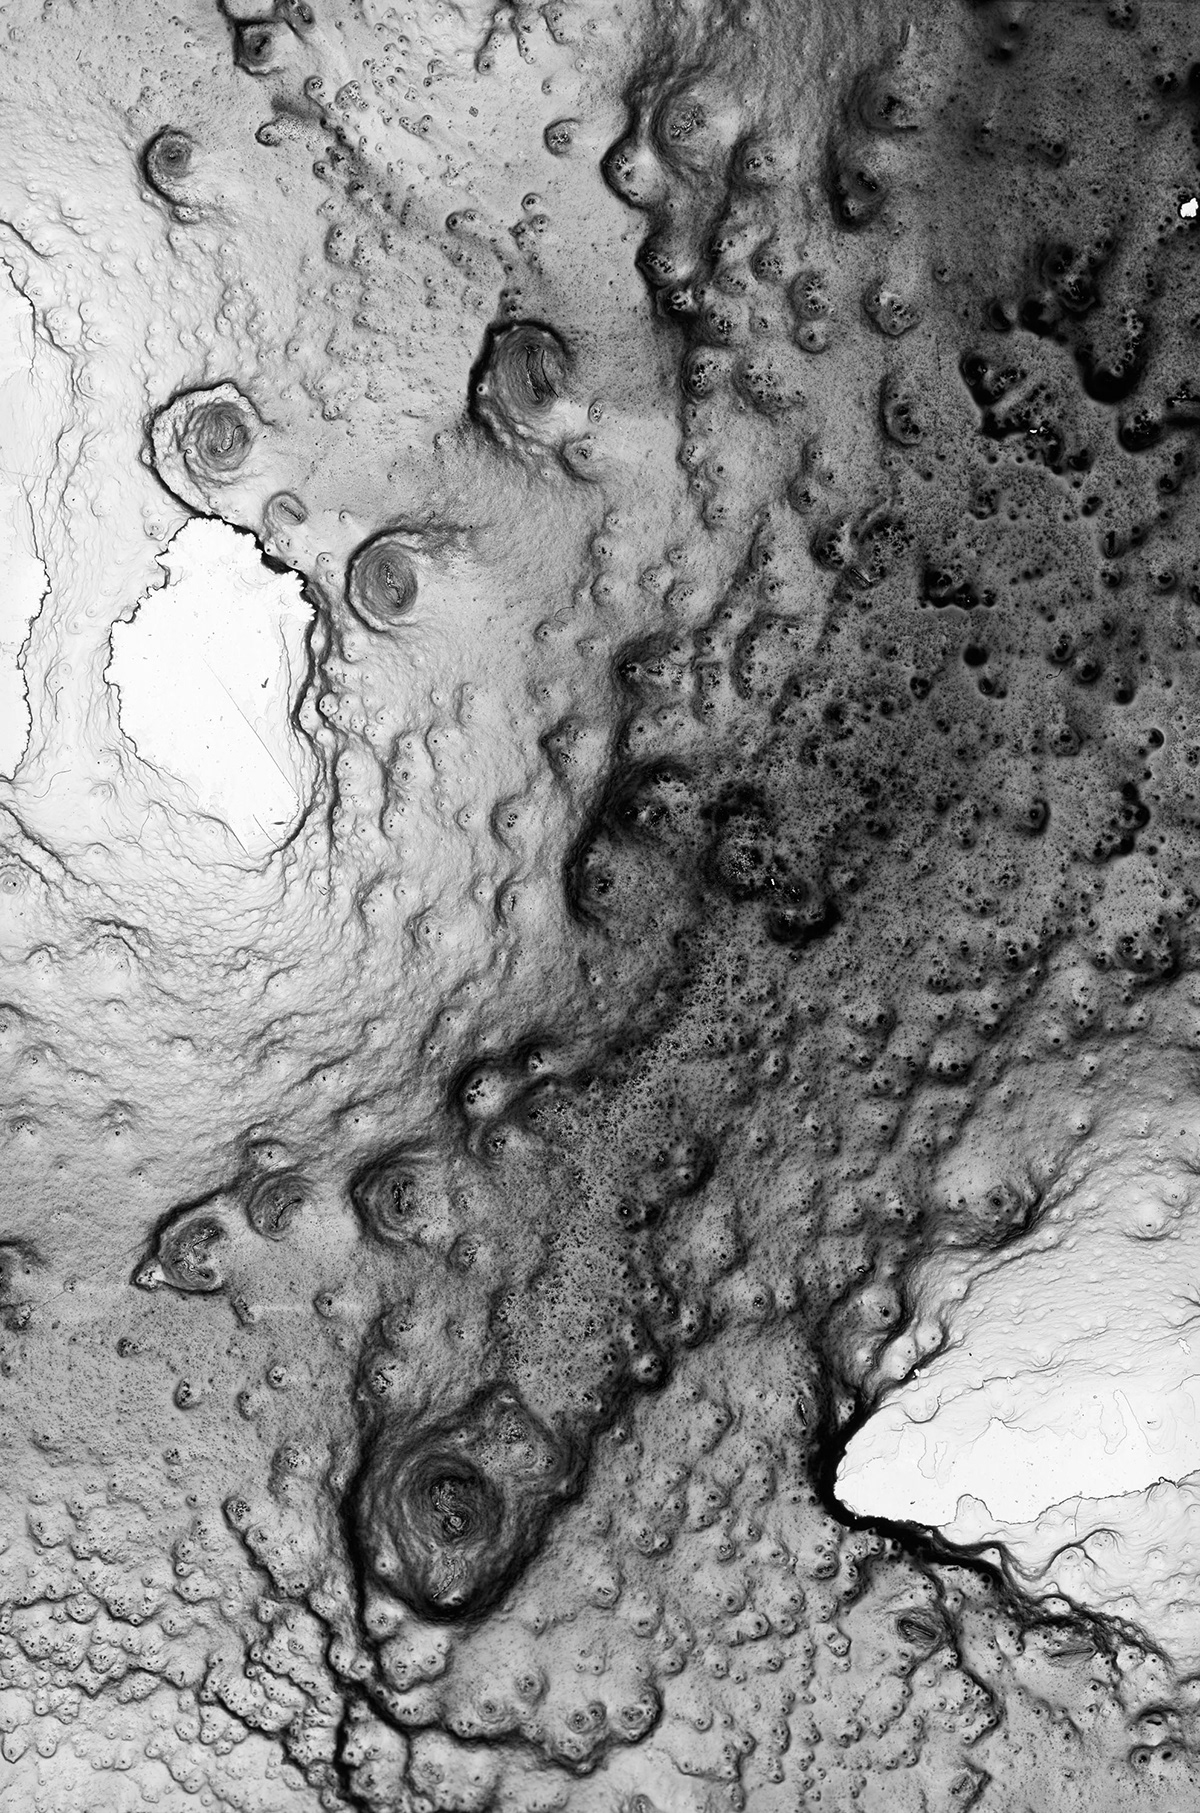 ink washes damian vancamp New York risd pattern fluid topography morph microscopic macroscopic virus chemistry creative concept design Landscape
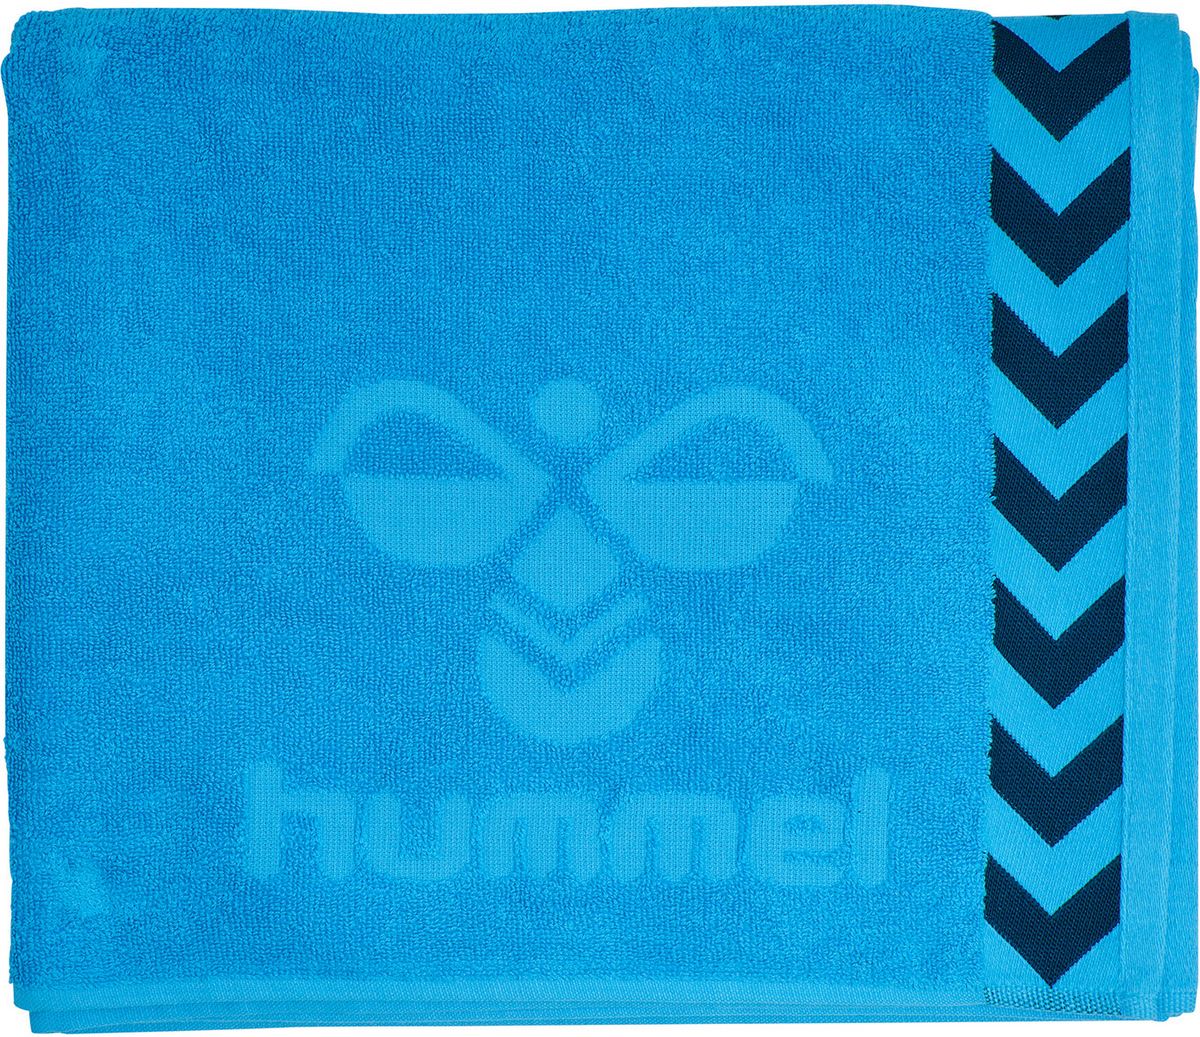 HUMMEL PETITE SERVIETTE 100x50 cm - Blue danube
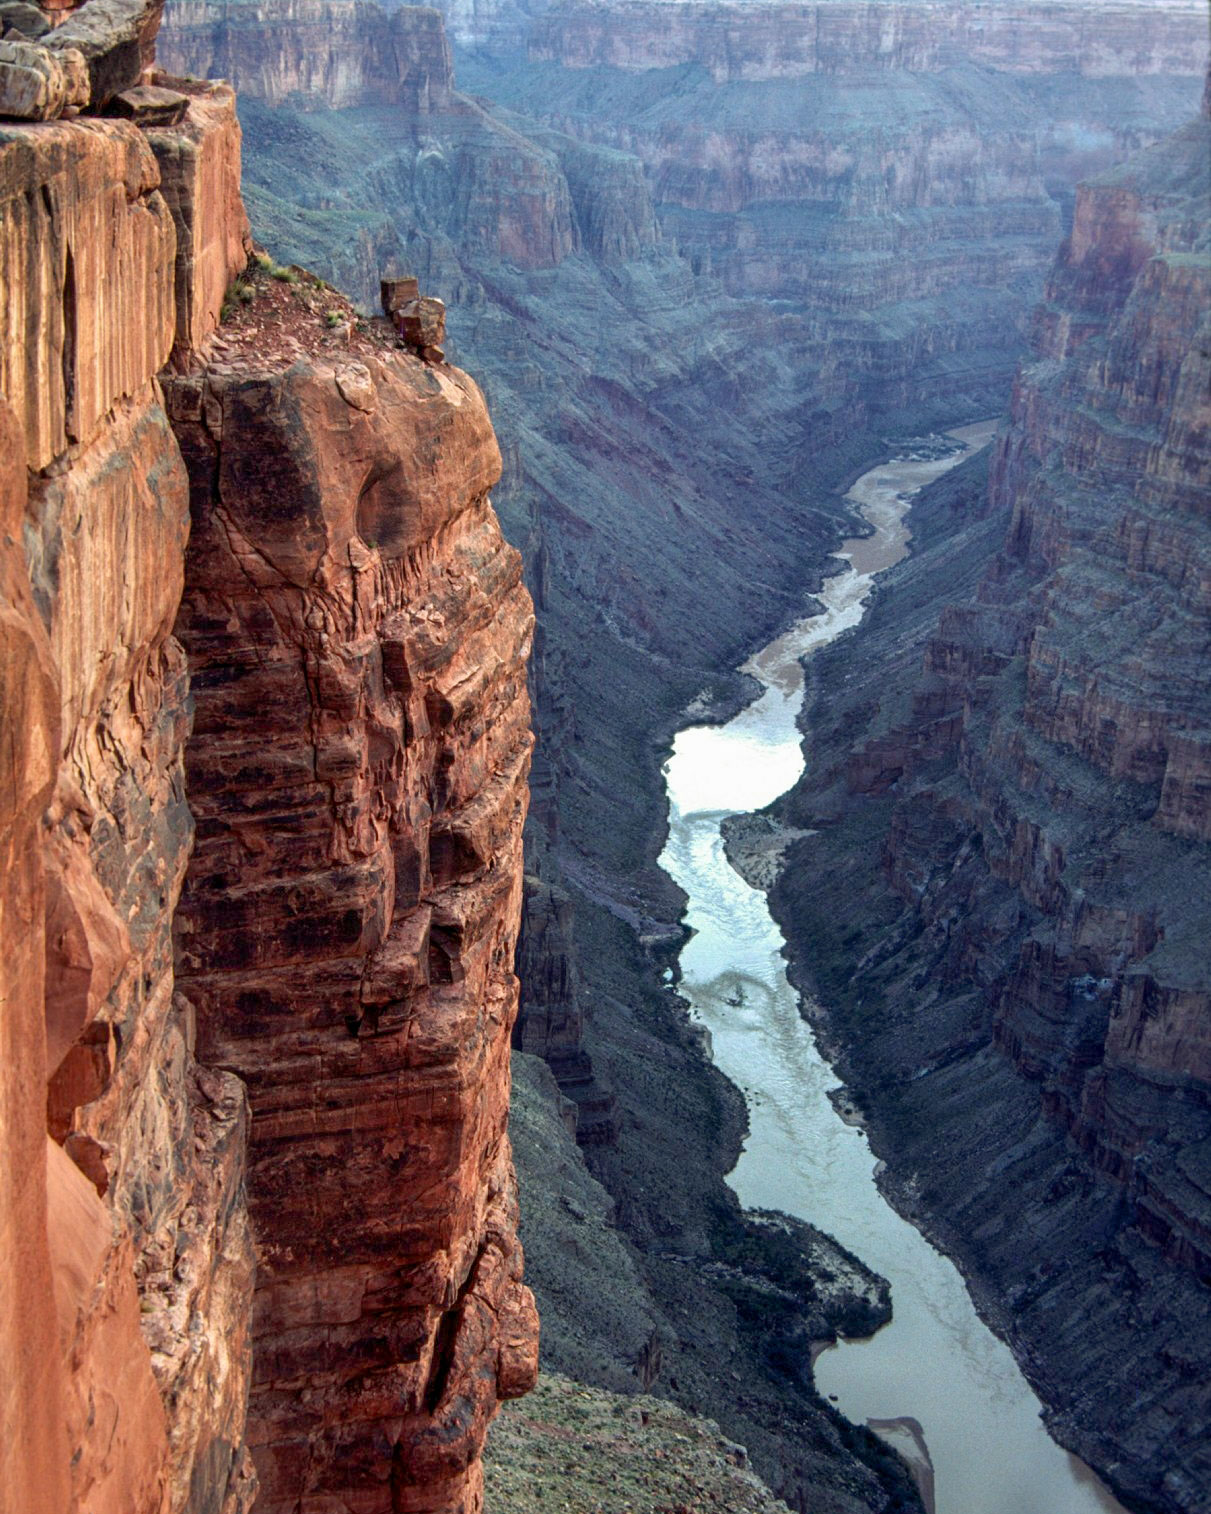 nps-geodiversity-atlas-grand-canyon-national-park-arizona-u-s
++++++++
Work task. Reproduce the listing exactly, but omit every picture in it.

Completed task.
 ink washes damian vancamp New York risd pattern fluid topography morph microscopic macroscopic virus chemistry creative concept design Landscape
 HUMMEL PETITE SERVIETTE 100x50 cm - Blue danube
 nps-geodiversity-atlas-grand-canyon-national-park-arizona-u-s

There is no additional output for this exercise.